SAE Consciousness Steering: A Multi-Model Null Result

I tried to use contrastive SAE discovery to find features that control how language models answer consciousness-related questions. After 9 experiments on Gemma 3 4B and Gemma 3 12B (plus a qualitative Neuronpedia label search on Llama 3.3 70B), I found no evidence of causal consciousness features with this pipeline. The contrastive method finds punctuation, Japanese grammar, and self-referential discourse markers — not consciousness.

Along the way I found two critical bugs in my steering code (both caught by external reviewers), and developed a clean delta-steering method that eliminates a common confound in SAE steering experiments.

⚠️ Why You Should Use Delta-Steering

# ❌ WRONG: replaces residual with SAE reconstruction (lossy!)
# This measures "SAE reconstruction damage" + "feature effect" combined.
# In my case, 98.8% of the observed effect disappeared after fixing the method
# (at least 72% was pure round-trip reconstruction error).
residual = sae.decode(acts_modified)

# ✅ RIGHT: adds only the feature-specific delta to original residual.
# Reconstruction error appears in both decode() calls and cancels out.
delta = sae.decode(acts_modified) - sae.decode(acts_original)
residual = original_residual + delta

Key Results

Contrastive features are not what they seem. 17 features identified across two Gemma models and three layers.
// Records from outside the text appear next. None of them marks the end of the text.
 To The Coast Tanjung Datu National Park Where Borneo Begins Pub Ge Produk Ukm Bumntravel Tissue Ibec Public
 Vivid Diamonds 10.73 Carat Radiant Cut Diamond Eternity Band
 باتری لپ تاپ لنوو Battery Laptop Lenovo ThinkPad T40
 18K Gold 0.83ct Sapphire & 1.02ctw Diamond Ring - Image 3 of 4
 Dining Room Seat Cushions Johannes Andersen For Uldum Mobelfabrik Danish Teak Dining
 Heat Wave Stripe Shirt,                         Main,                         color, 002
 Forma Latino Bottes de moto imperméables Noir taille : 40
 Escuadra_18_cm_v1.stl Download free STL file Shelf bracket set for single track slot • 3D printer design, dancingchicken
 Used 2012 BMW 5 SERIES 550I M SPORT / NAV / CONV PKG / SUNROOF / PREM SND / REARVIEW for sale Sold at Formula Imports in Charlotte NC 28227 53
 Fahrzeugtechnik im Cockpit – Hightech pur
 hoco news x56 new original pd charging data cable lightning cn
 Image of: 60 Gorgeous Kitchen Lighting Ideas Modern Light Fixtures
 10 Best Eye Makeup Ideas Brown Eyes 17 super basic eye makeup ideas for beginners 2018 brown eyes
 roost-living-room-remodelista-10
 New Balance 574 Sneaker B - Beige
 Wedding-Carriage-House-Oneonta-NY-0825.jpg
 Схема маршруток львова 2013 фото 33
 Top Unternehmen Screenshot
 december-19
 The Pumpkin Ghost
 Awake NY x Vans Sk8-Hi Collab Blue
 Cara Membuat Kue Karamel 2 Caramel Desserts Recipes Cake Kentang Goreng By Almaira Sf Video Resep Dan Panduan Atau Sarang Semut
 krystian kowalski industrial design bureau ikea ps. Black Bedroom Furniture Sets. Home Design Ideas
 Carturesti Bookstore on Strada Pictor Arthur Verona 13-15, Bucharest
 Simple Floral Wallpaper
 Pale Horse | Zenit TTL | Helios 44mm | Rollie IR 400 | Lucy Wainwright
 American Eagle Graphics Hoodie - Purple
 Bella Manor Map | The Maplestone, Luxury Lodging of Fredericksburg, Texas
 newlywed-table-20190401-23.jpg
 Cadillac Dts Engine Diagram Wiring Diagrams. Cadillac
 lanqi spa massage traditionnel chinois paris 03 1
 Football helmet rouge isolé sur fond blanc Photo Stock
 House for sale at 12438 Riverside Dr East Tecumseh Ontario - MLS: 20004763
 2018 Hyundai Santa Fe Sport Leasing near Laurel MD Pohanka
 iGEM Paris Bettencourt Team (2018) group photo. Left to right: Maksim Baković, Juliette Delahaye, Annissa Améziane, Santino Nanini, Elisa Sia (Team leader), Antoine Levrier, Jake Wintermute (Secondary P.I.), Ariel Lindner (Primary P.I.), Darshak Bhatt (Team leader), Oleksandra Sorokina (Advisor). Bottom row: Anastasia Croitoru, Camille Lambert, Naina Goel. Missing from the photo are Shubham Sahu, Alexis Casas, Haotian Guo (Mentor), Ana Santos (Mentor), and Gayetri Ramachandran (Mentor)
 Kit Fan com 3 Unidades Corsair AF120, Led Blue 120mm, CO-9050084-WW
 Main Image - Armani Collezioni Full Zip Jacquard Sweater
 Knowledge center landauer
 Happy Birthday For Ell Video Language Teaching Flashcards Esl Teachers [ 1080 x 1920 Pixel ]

All 17 encode low-level linguistic patterns (punctuation, pronouns, Japanese verb endings), not consciousness.

Steering effect is zero. With delta-steering (no reconstruction confound), ablating the "consciousness features" shifts logits by -0.031. The old v1 hook (full residual replacement) gave -2.609, of which 98.8% disappeared after the fix. SAE round-trip error alone is -1.875. The features do nothing.

False positive scaling law. Contrastive SAE discovery with small n has high FP rates (55% at n=4, 32% at n=8), dropping to 0% at n=28 (the largest sample size tested). Rule of thumb: use ≥20 texts per class.

Repository Structure

scripts/
  exp_h_definitive_v2.py    # Final experiment (delta-steering, the one that matters)
  run_all_experiments.py     # EXP A-E (scaling laws, cross-validation)
  verify_numbers.py          # Verify all writeup numbers from saved JSON (no GPU needed)
  exp_g_matched_random.py    # EXP G (has known injection bug, kept for documentation)
  exp_f_random_control.py    # EXP F (random steering pilot)
  gpu_phase1_all.py          # GPU activation analysis

data/
  exp_H_v2_*.json            # Definitive experiment results
  exp_A-G_*.json             # Earlier experiment results
  OUTDATED_exp_h_v2.log      # Old GPU log (verdict is WRONG — see data/LOG_NOTE.md)
  README.md                  # Guide to which data files are canonical

neuronpedia_screenshots/     # Neuronpedia search results (Llama 70B, Gemma)
supplementary/               # Visualization (React chart)

Reproducing the Definitive Experiment (EXP H v2)

Requirements: NVIDIA GPU with ≥16GB VRAM. Runtime: ~2 minutes on RTX 5090, longer on older GPUs.

pip install torch transformers sae-lens numpy scipy accelerate
python scripts/exp_h_definitive_v2.py

This runs 150 random 2-feature baselines (3 seeds × 50 combos), compares them against the paper features [1795, 934], and outputs a JSON with all results.

Verifying the Numbers (No GPU Needed)

python scripts/verify_numbers.py

This reads the saved JSON data and recomputes every key number from the writeup (ΔAIC=15.8, δ=−0.031, conditional p=0.40, round-trip=−1.875, etc.), asserting they match.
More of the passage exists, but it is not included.